PROBLEM TO WORK ON: Retype the lines below exactly, but only those from the line that has "trees on mountain" through the line that has "2021 Leaf Metal". Omit every picture.

RECORDS FOR THE EXERCISE:
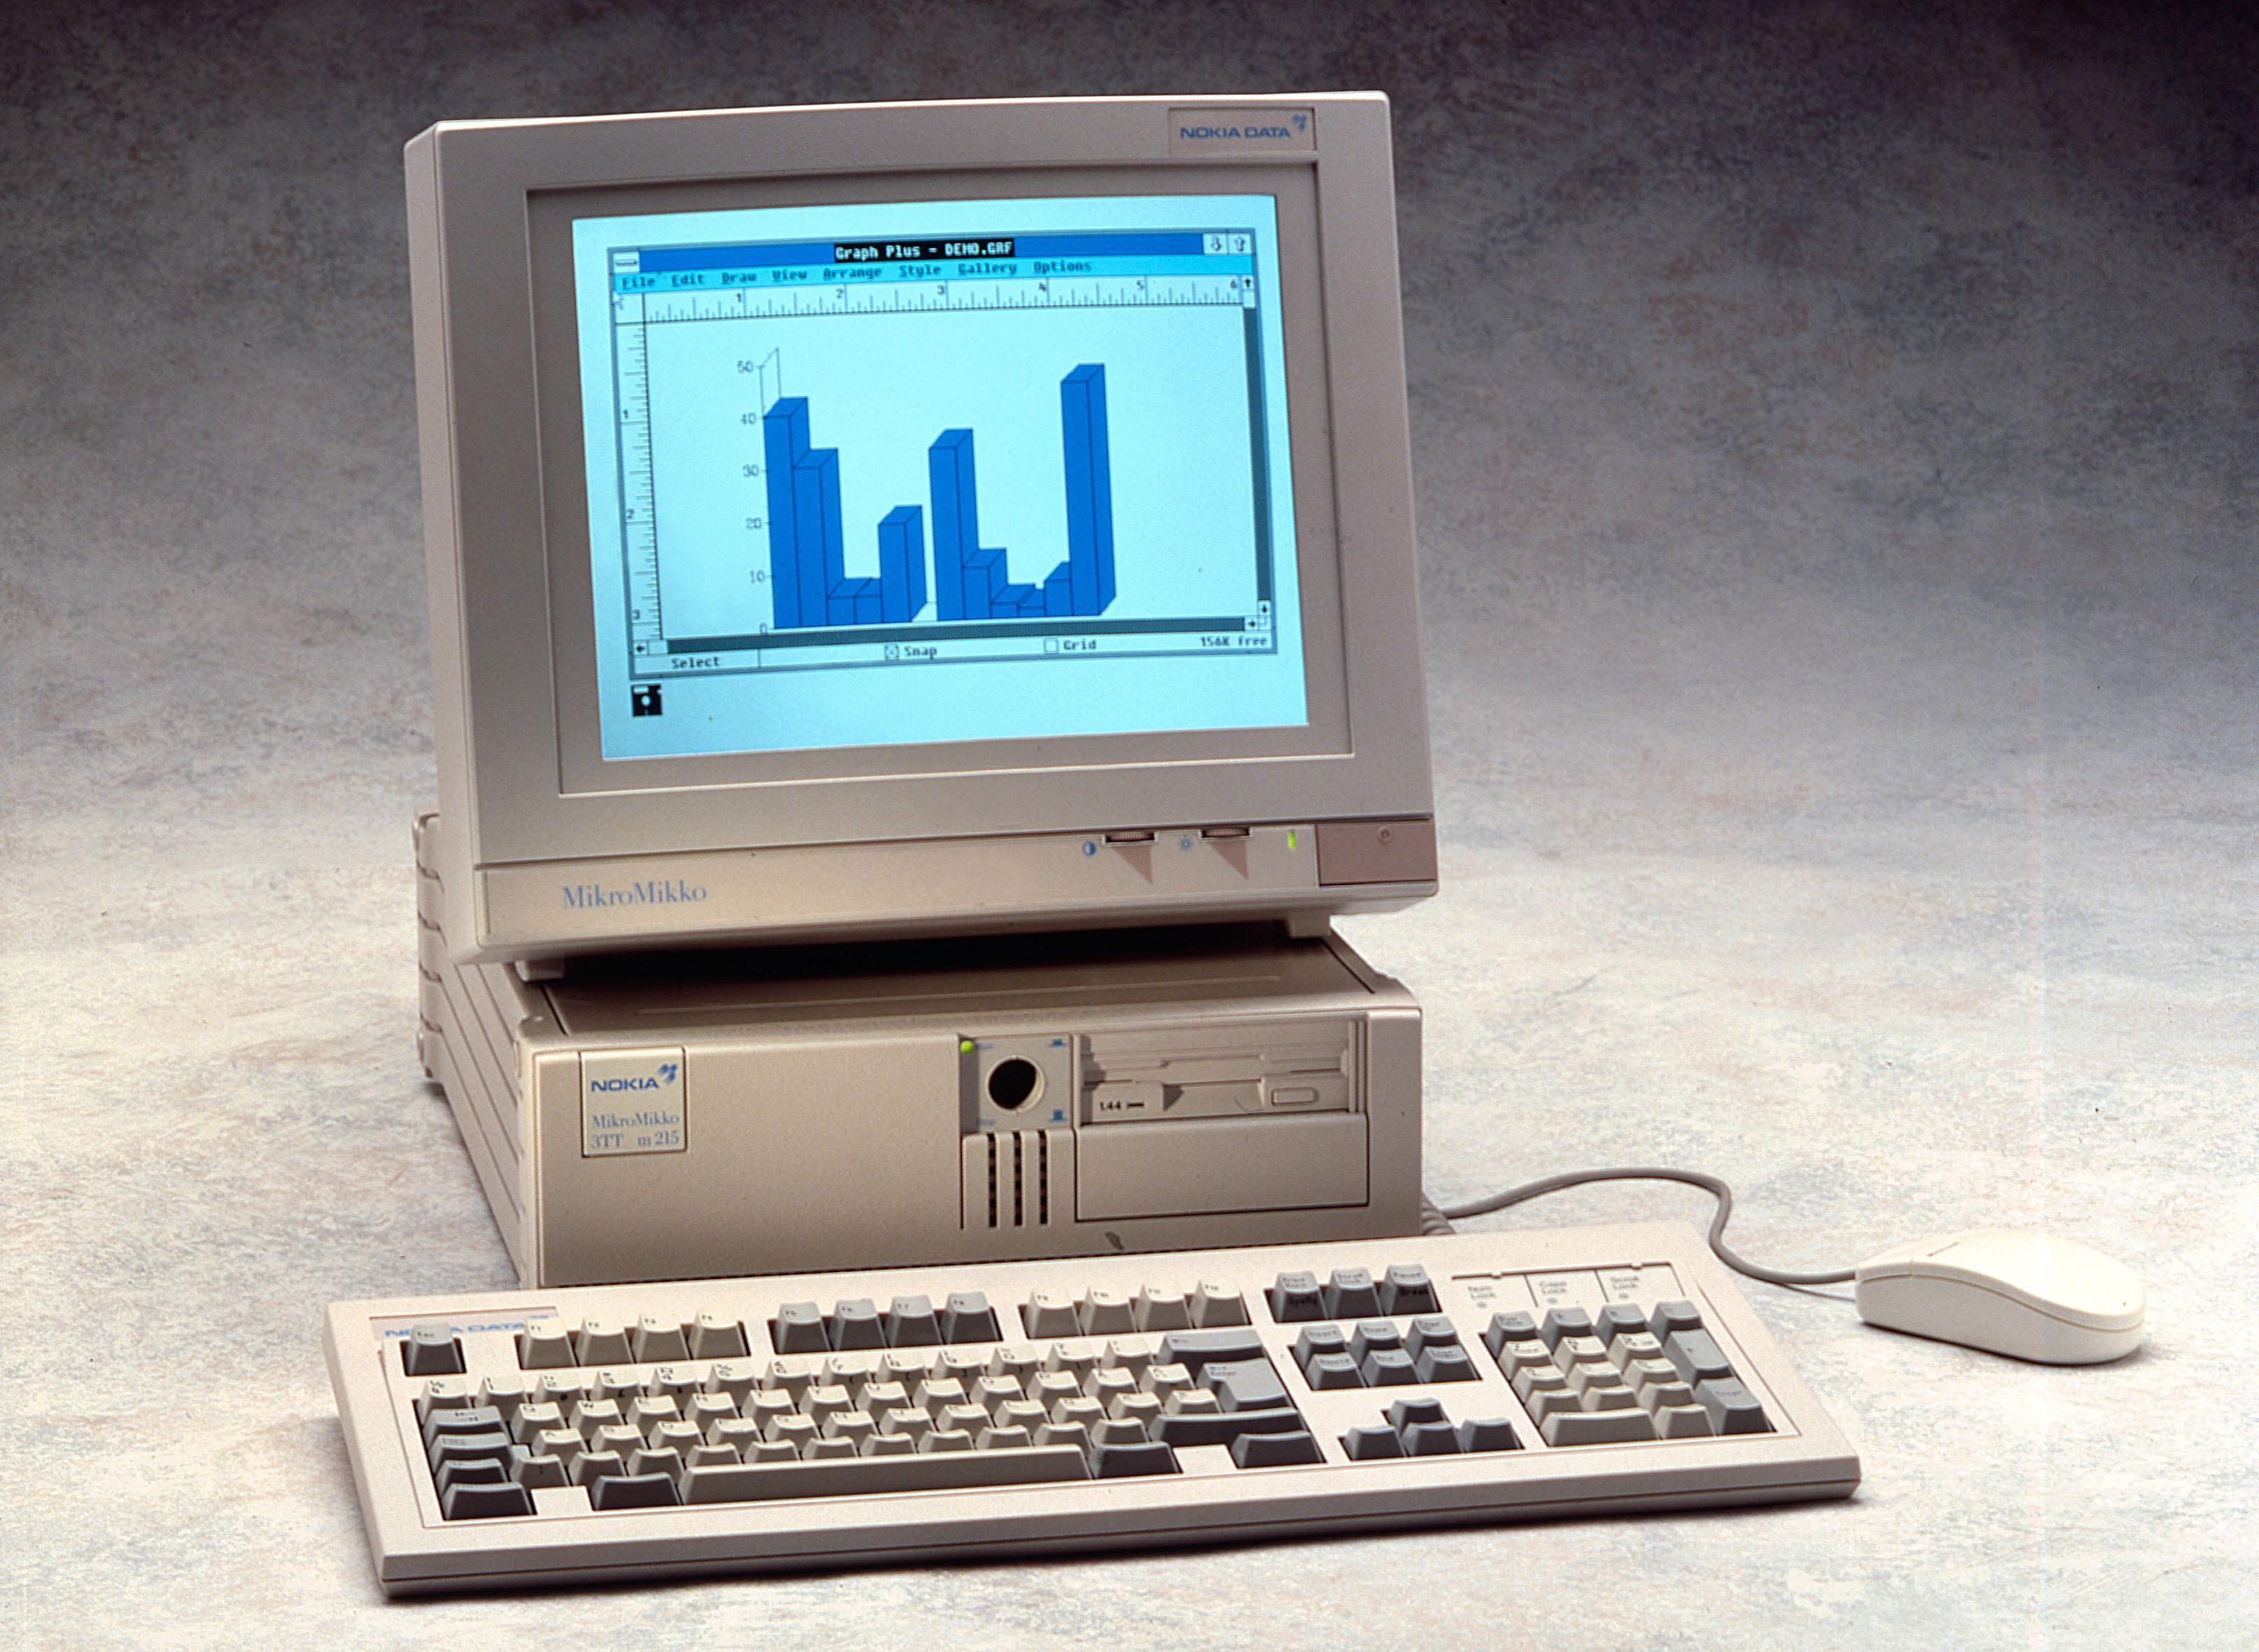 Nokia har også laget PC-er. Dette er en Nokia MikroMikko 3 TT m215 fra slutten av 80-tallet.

--

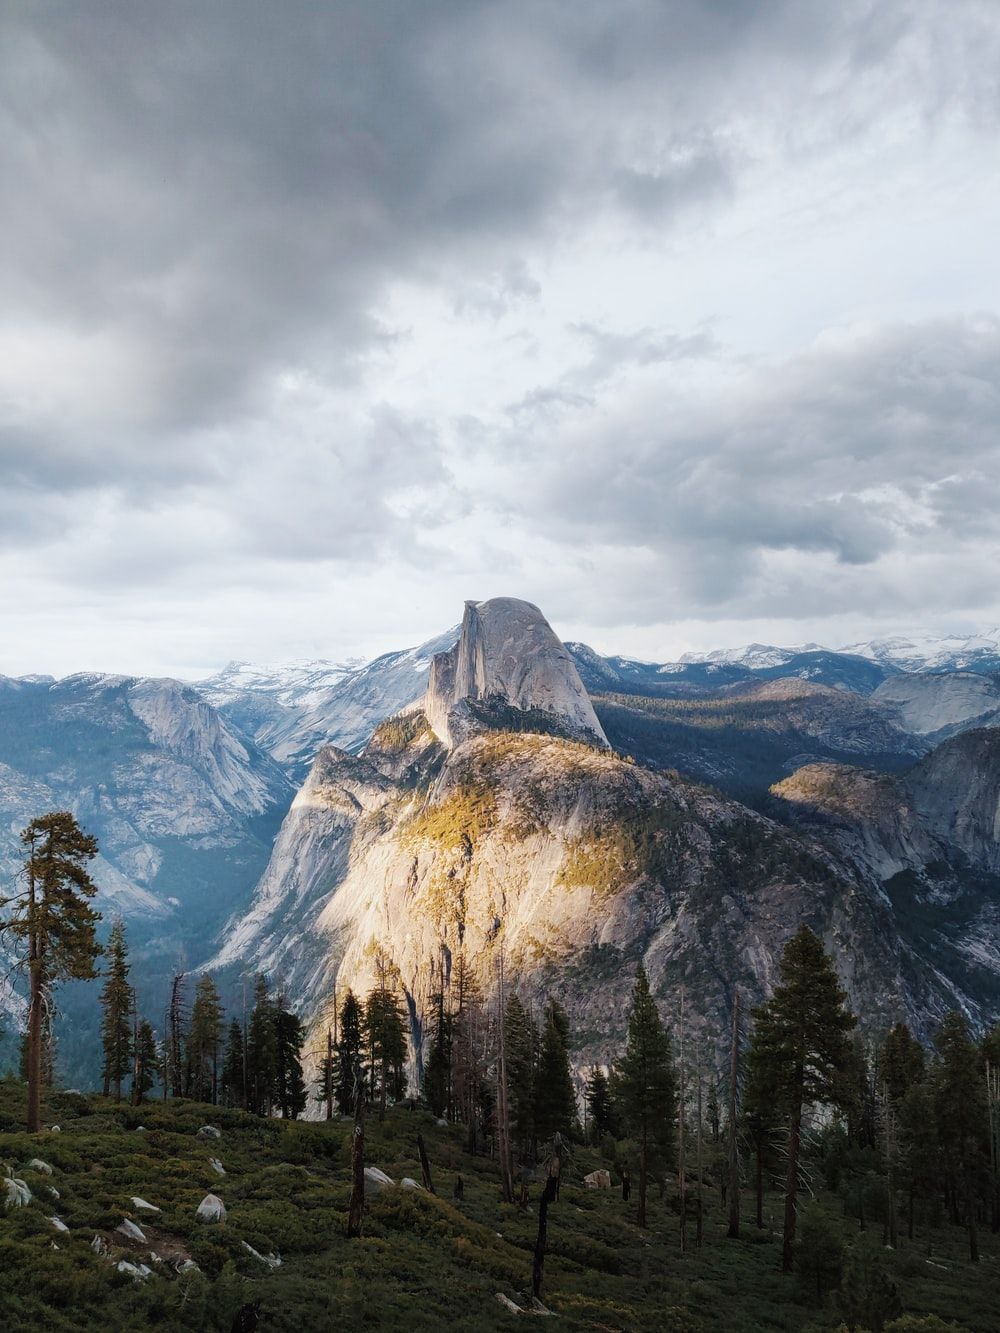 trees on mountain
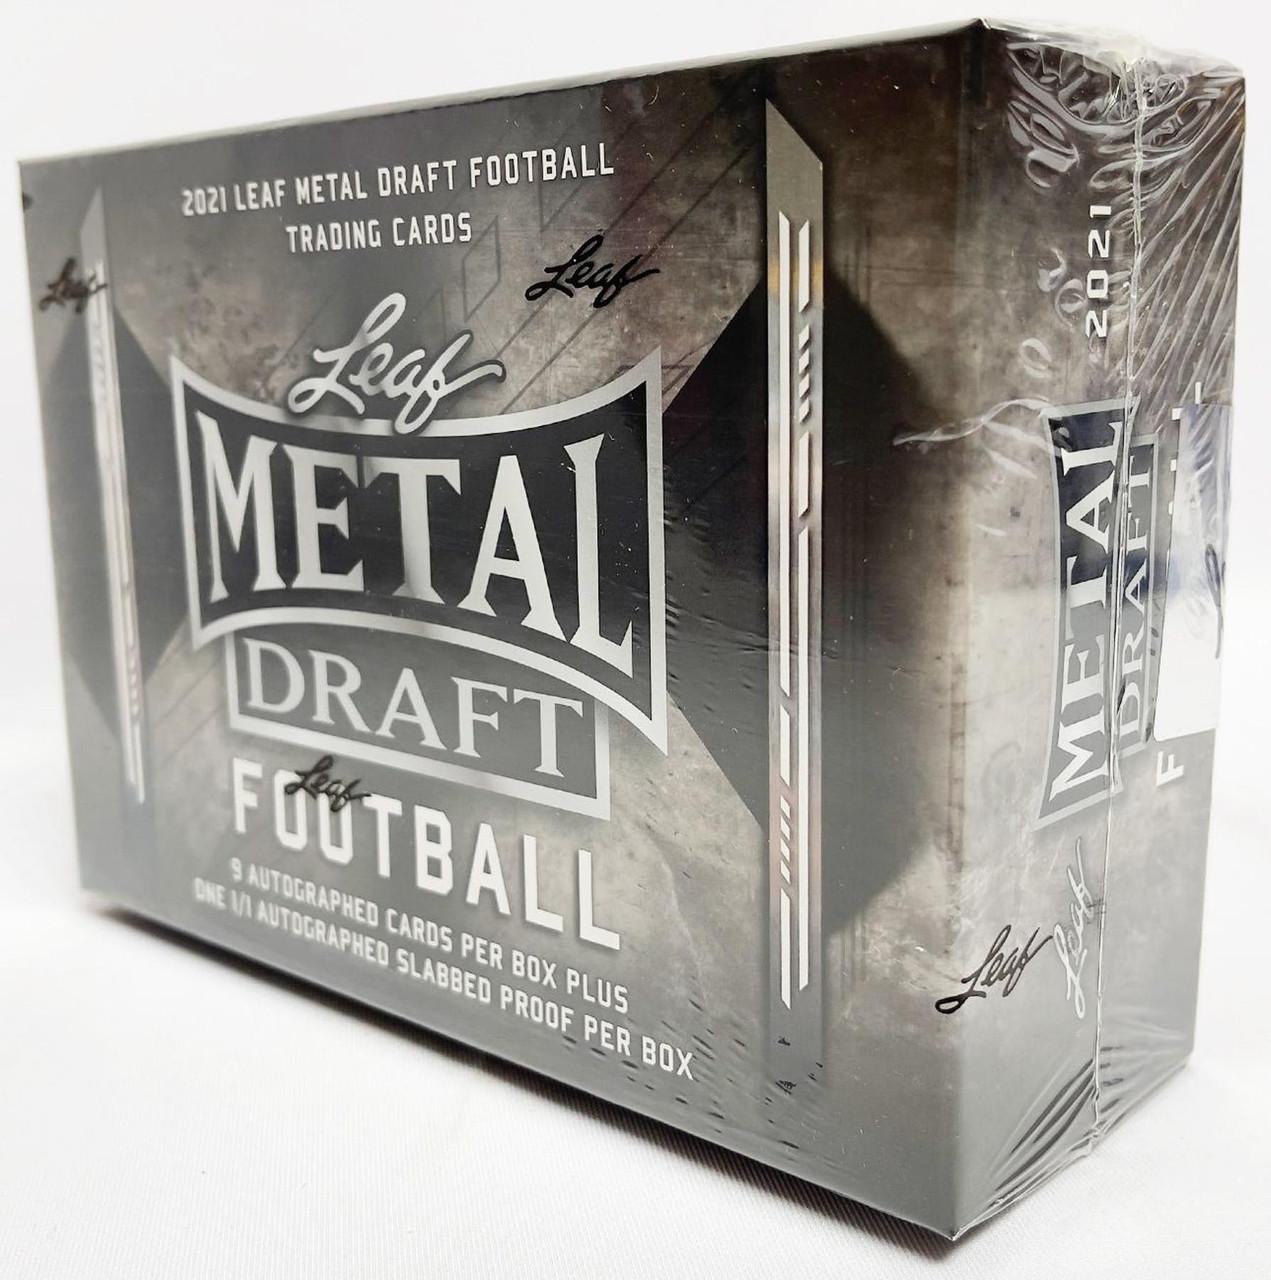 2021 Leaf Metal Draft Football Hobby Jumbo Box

YOUR RESPONSE:
 trees on mountain
 2021 Leaf Metal Draft Football Hobby Jumbo Box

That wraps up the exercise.